1330- discussed cover and concealment and drilled it on steel 25 yards away behind two vertically stacked barrels. There were multiple lines with 3-4 students per line. We all dry fired first to work the mechanics of pieing off angles and shoulder transitions, then live-fired. Will showed us an alternative and effective method of shoulder transition.
1400- class was technically over and one student had to leave. We took a group photo and most of us stayed longer because Sean and Will continued to teach (Thank you!). They demonstrated moving while shooting straight, lateral right to left and then lateral left to right. On the moving straight, one student was always behind the shooter as his/her handler, to make sure they were at the same pace as everyone else. We started from 25 yards out and shot at the VTAC paper targets rather than steel. On the lateral drills, we had to move right to left or vice versa behind multiple columns of barrels, again paper targets. Again, we all dryfired before live fire.
1630- Class adjourned. Will phone recorded everyone to debrief (what you liked, what you did not like). It was hard to think of everything on the spot.
Altogether, I shot 250 rounds.
What I liked
1. Sean, Will, and Paul were skilled, nice, and down to earth. They were strict when they needed to be but amiable when not shooting.
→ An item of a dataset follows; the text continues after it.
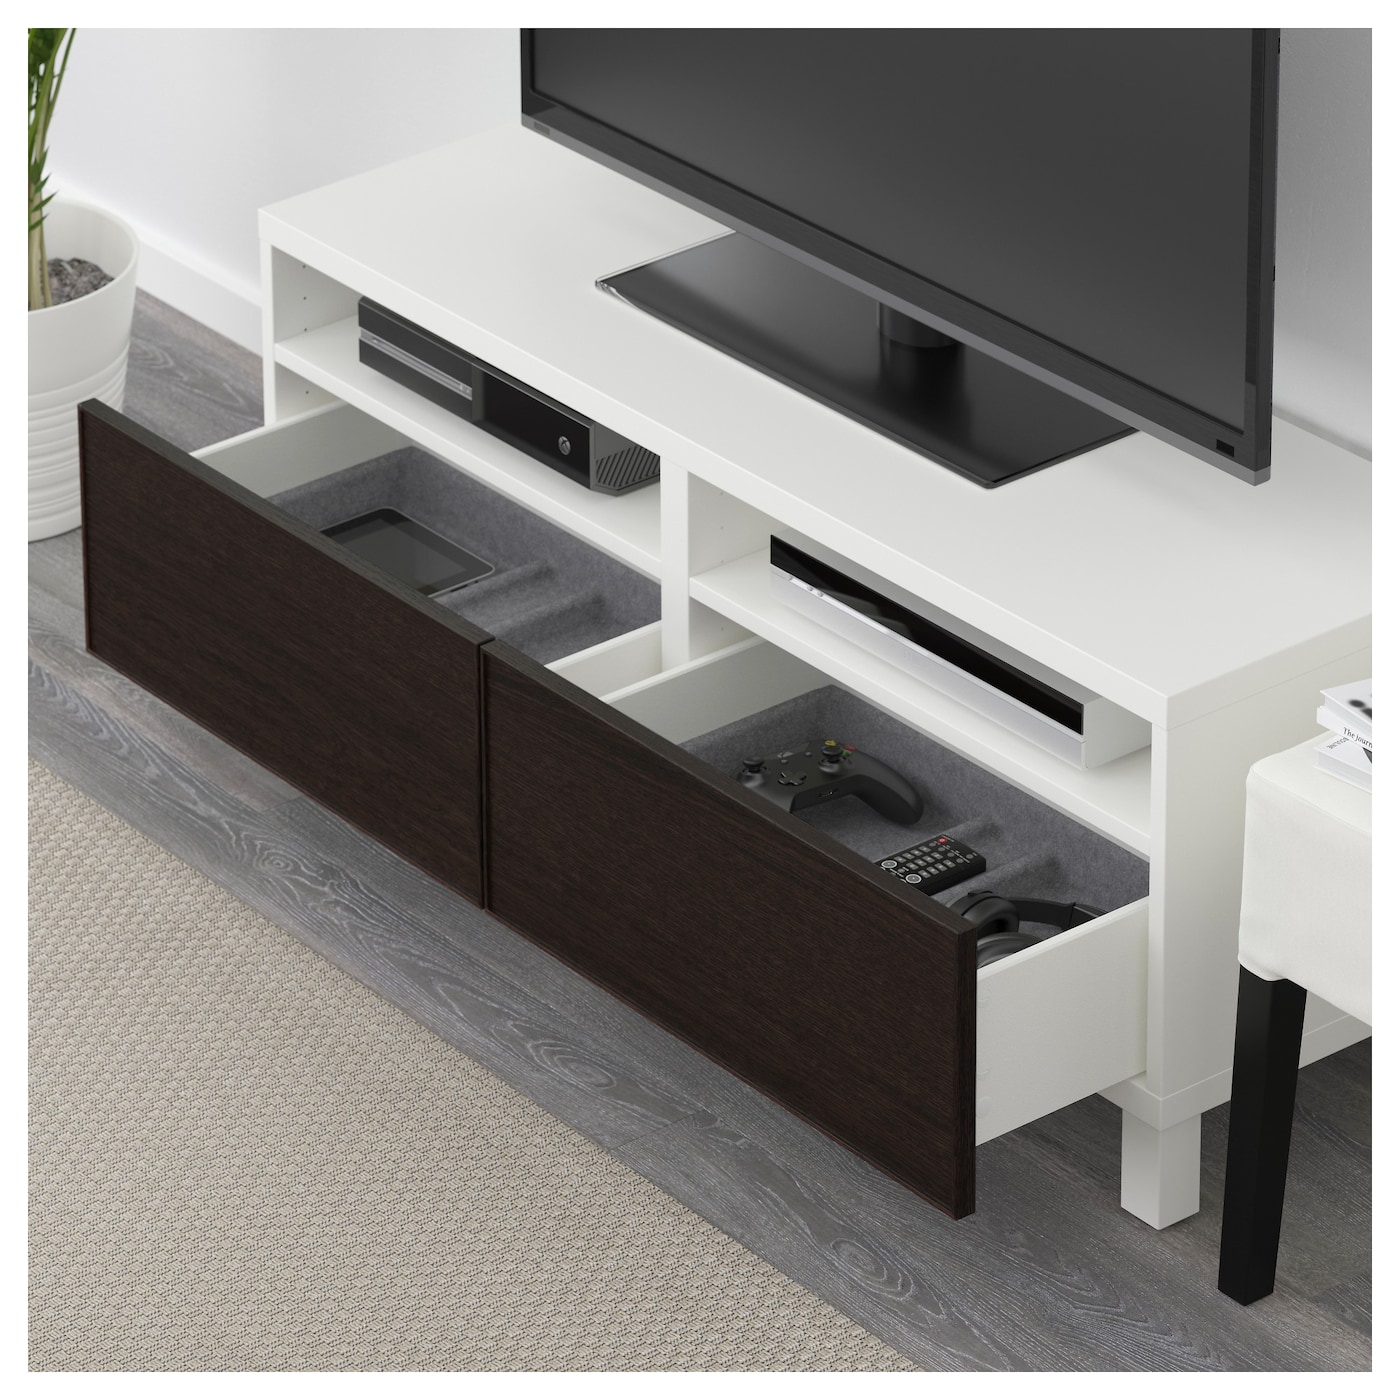 best banc tv avec tiroirs blanc inviken brun noir 120x40x48 cm ikea. Black Bedroom Furniture Sets. Home Design Ideas

2. Safety was maintained and I never felt endangered.
3. I picked up a new way to shoulder transition.
4. Had a good day practicing fundamentals.
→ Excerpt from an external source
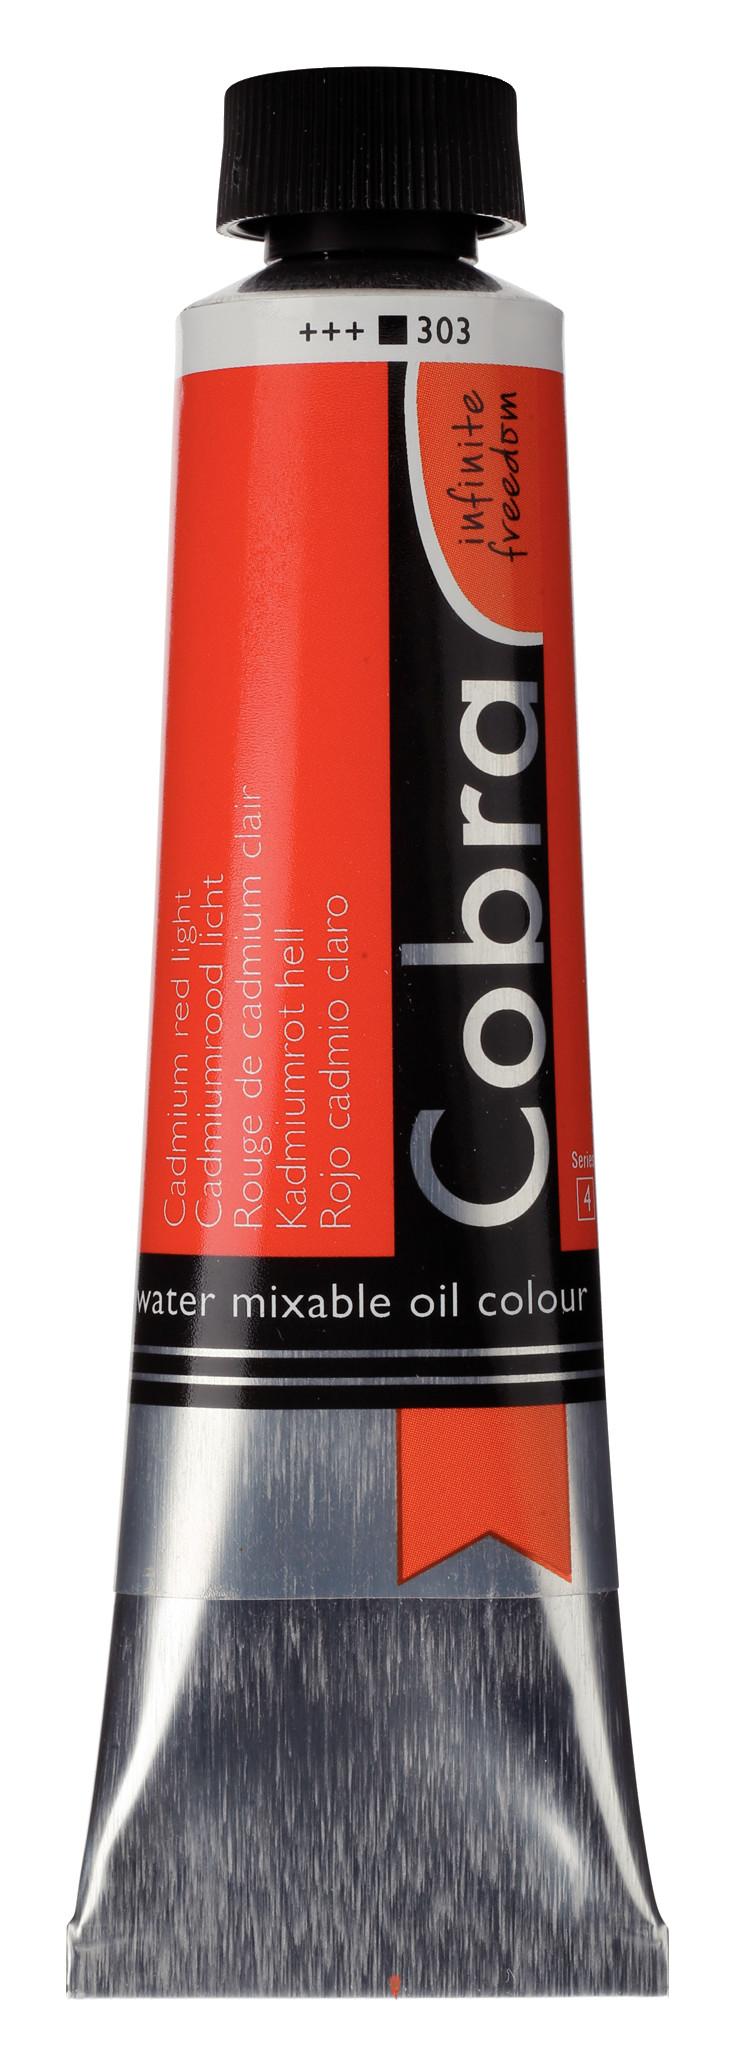 Cobra Artist Water Mixable Oil Colour Tube 40 ml Cadmium red light 303

5. I liked the “Target” vs “Threat” range commands that forced us to discriminate
6. Paul’s sharing of his combat life lessons
7. My equipment worked well
8. The slick registration on tablets. Although with everyone touching the same screen it was not exactly hygienic.
What I did not like
1. The lack of transparency on who was teaching the class. If you are going to outsource your teaching, then let me know. Now it is not like they said Instructor A was teaching and instructor B shows up.
However, all their website and video footage shows a small cadre of instructors so as a consumer, that is what you expect.
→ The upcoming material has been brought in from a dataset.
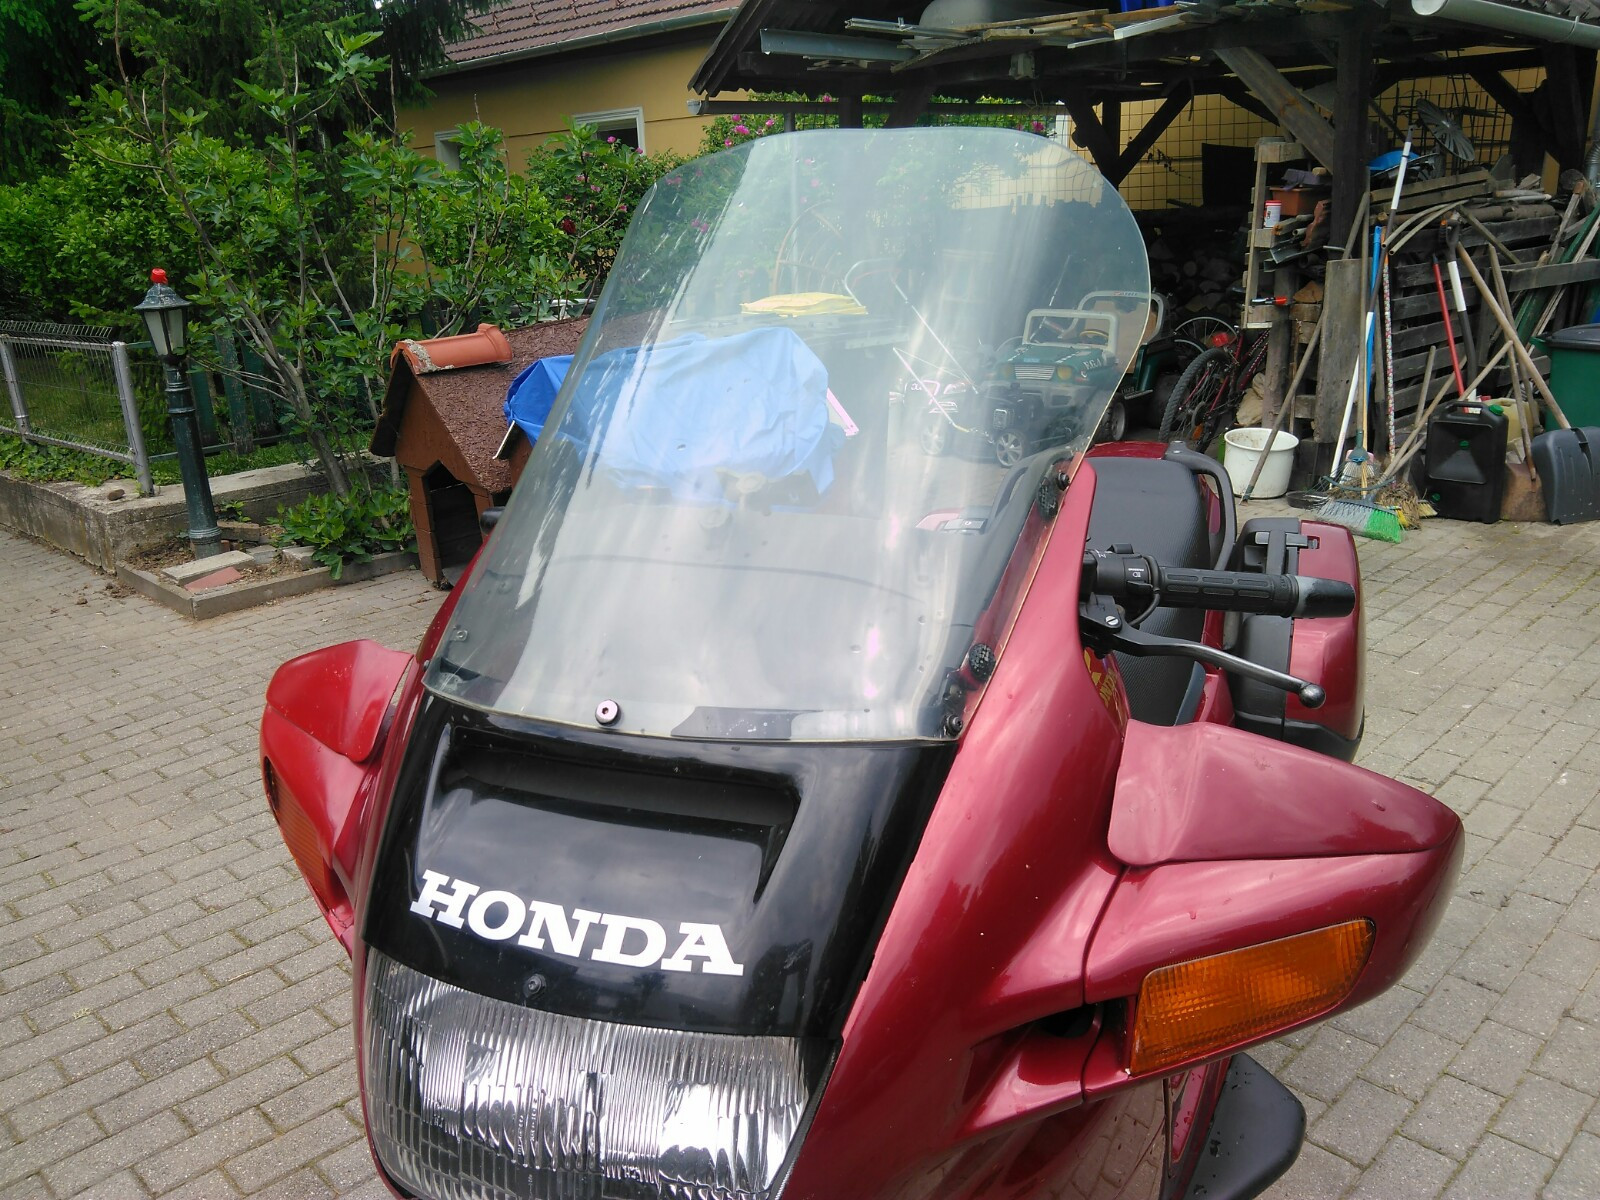 HONDA ST1100R, 8. kép

2. The CQB rough zero and how some students were clearly off.
3. The lack of accuracy accountability. We did not mark off errant misses and we all shot at our neighbor’s targets on the box drills. After a few sessions, it was impossible to tell how accurate you were, especially with the shooting and moving drills. We basically used the same paper targets the entire class and they were all chewed up. We did not change targets even once. For a class that advertises “designed to teach you the fundamentals of Gun Fighting in defense of your life,” accuracy seemed to take a backseat.
4. Discussion of topics that were important but spending too much time on talking. We did not shoot until TWO HOURS after start time. Am I being unreasonable? Perhaps. The upside is I saved more ammo.
5. I wished there were more drills on malfunctions. But I can practice that at home
6. Fighting off the X and stress drills to test your skills were in the course description but not covered. This was actually the part that I was looking forward to the most.
Personally, I had a lot of expectations for this class going in. I have been following Fieldcraft Survival on social media for some time and was quite excited at attending one of their training classes. They seem to sell out very quickly, which would suggest either good marketing, good quality, or both. They have great social media content, slick advertising, and an enticing class description. With 34 classes over the span of eight years, I have attended classes that were great, good, okay, and poor. This class was okay.